Information shown below:
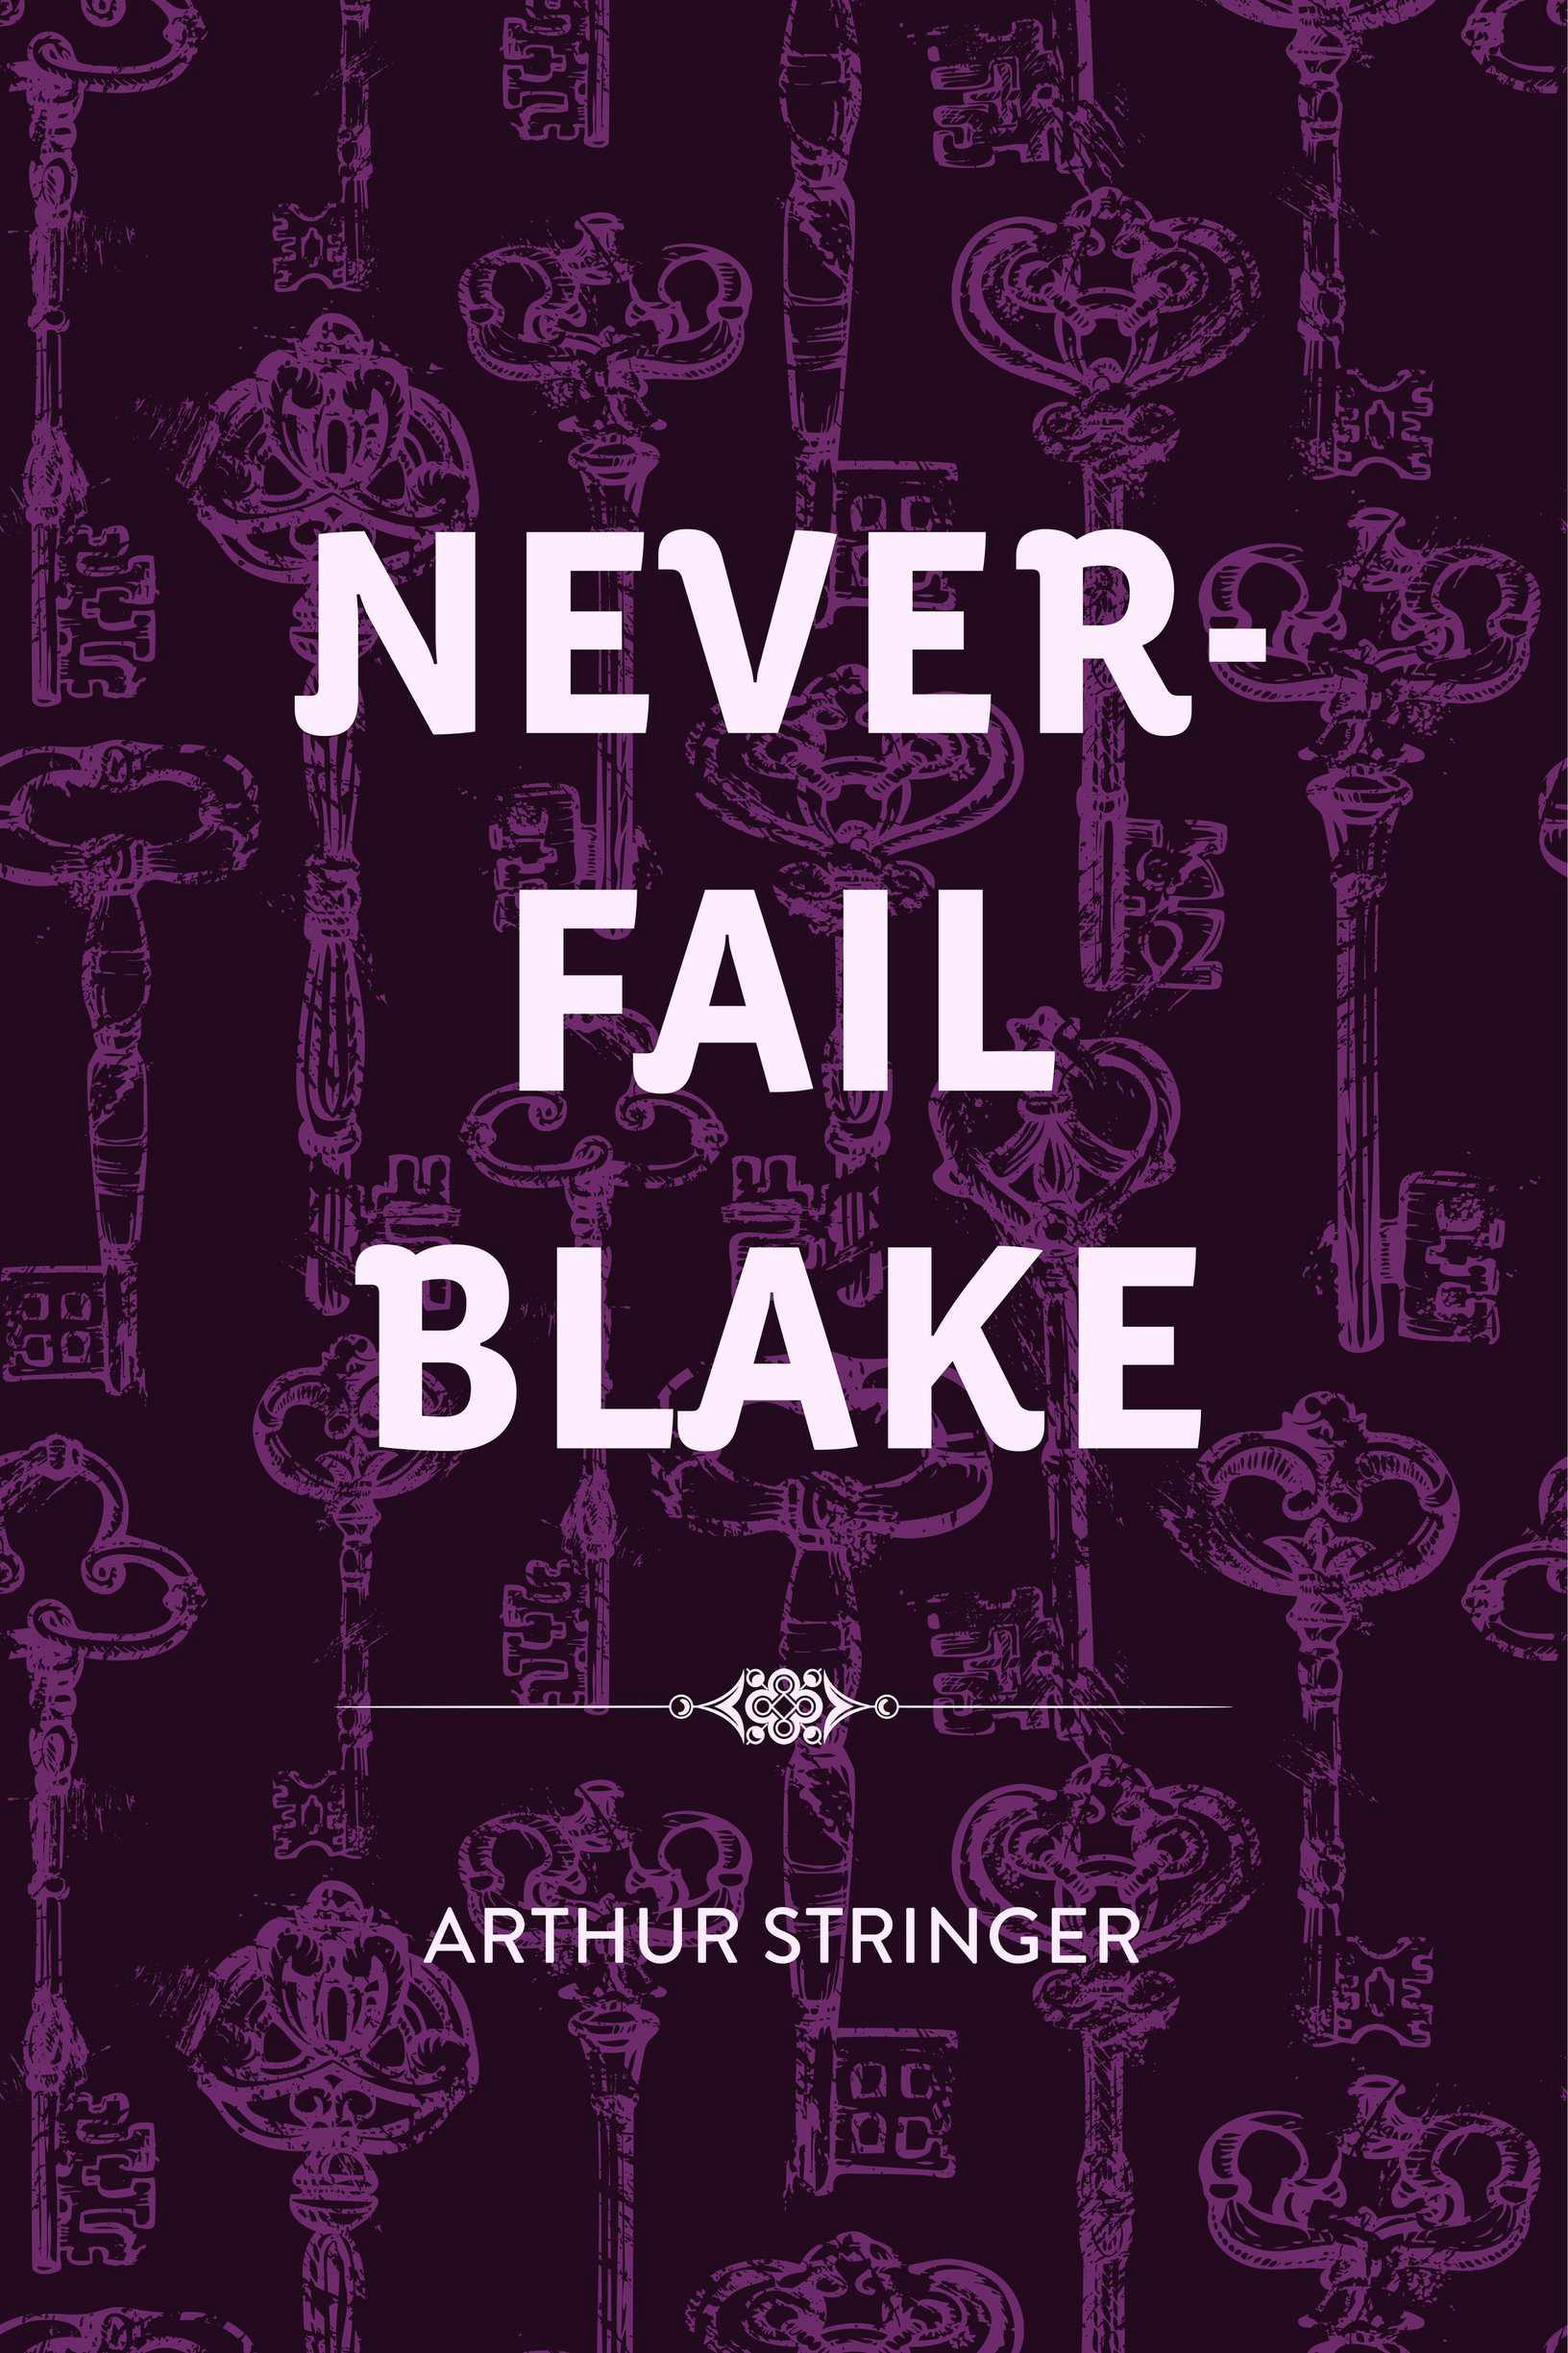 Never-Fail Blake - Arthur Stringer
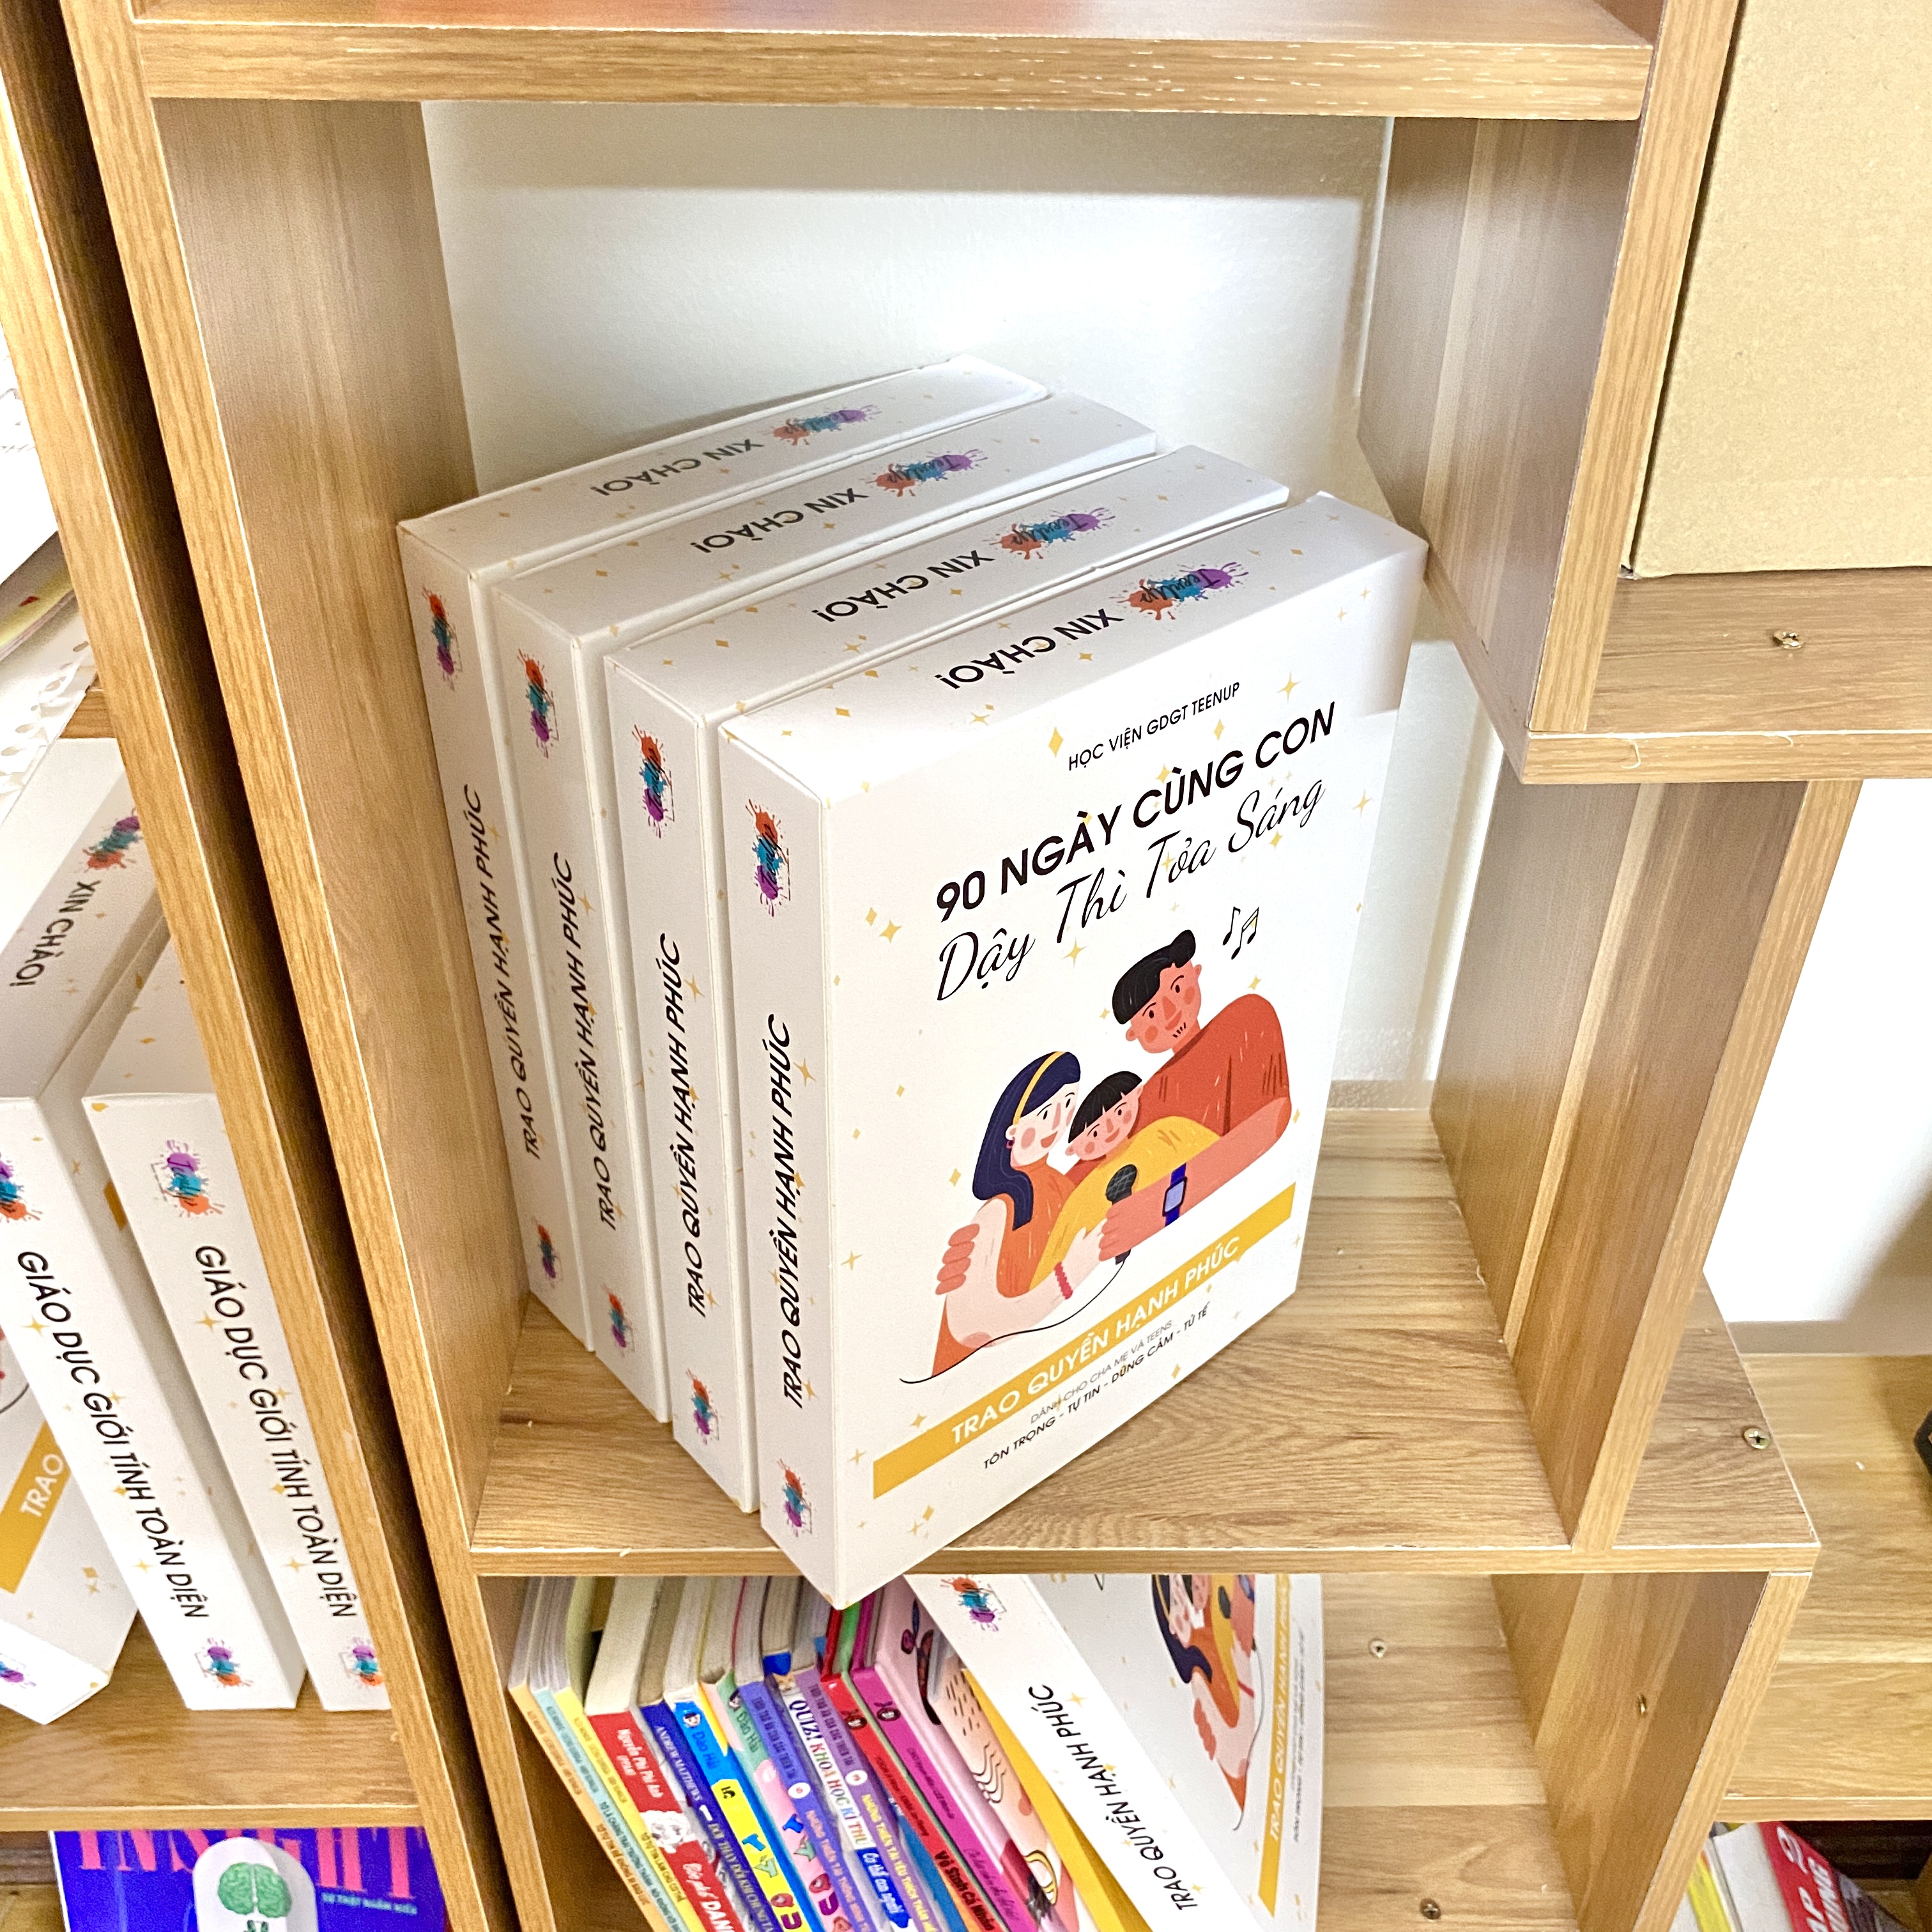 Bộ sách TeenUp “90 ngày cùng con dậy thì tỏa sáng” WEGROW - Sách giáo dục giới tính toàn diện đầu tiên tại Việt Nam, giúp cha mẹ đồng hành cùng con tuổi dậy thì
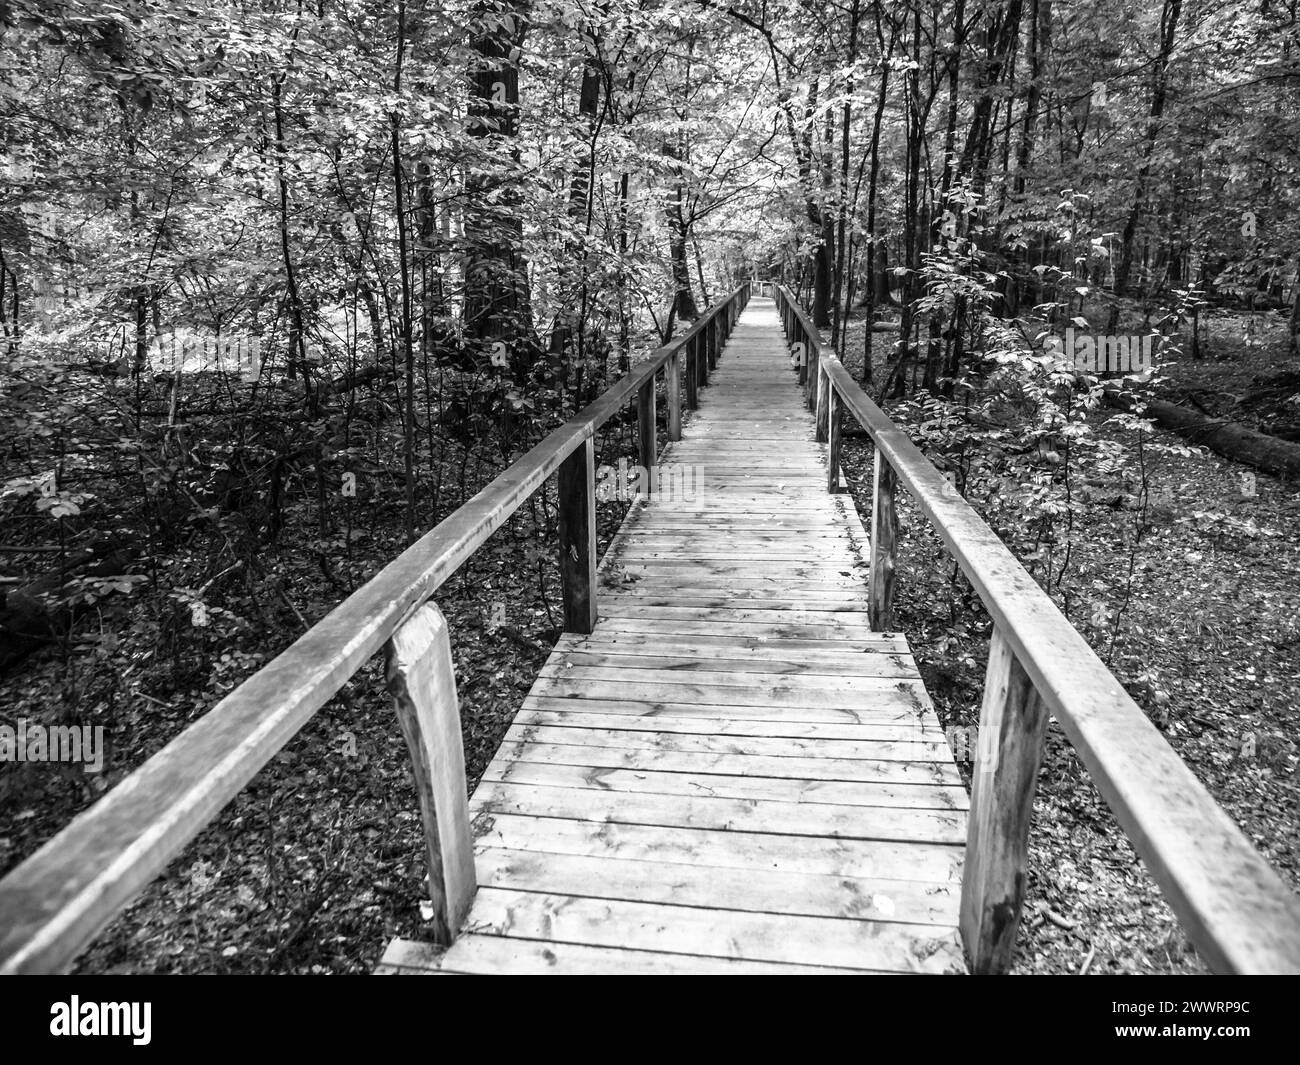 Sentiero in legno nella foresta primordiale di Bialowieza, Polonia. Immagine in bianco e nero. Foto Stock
End of Information shown.
Instructions for the task:
Restrict the output to the lines from the one with "Bộ sách TeenUp" through the last line of the material above. Print them exactly, leaving out every picture.

Output:
 Bộ sách TeenUp “90 ngày cùng con dậy thì tỏa sáng” WEGROW - Sách giáo dục giới tính toàn diện đầu tiên tại Việt Nam, giúp cha mẹ đồng hành cùng con tuổi dậy thì
 Sentiero in legno nella foresta primordiale di Bialowieza, Polonia. Immagine in bianco e nero. Foto Stock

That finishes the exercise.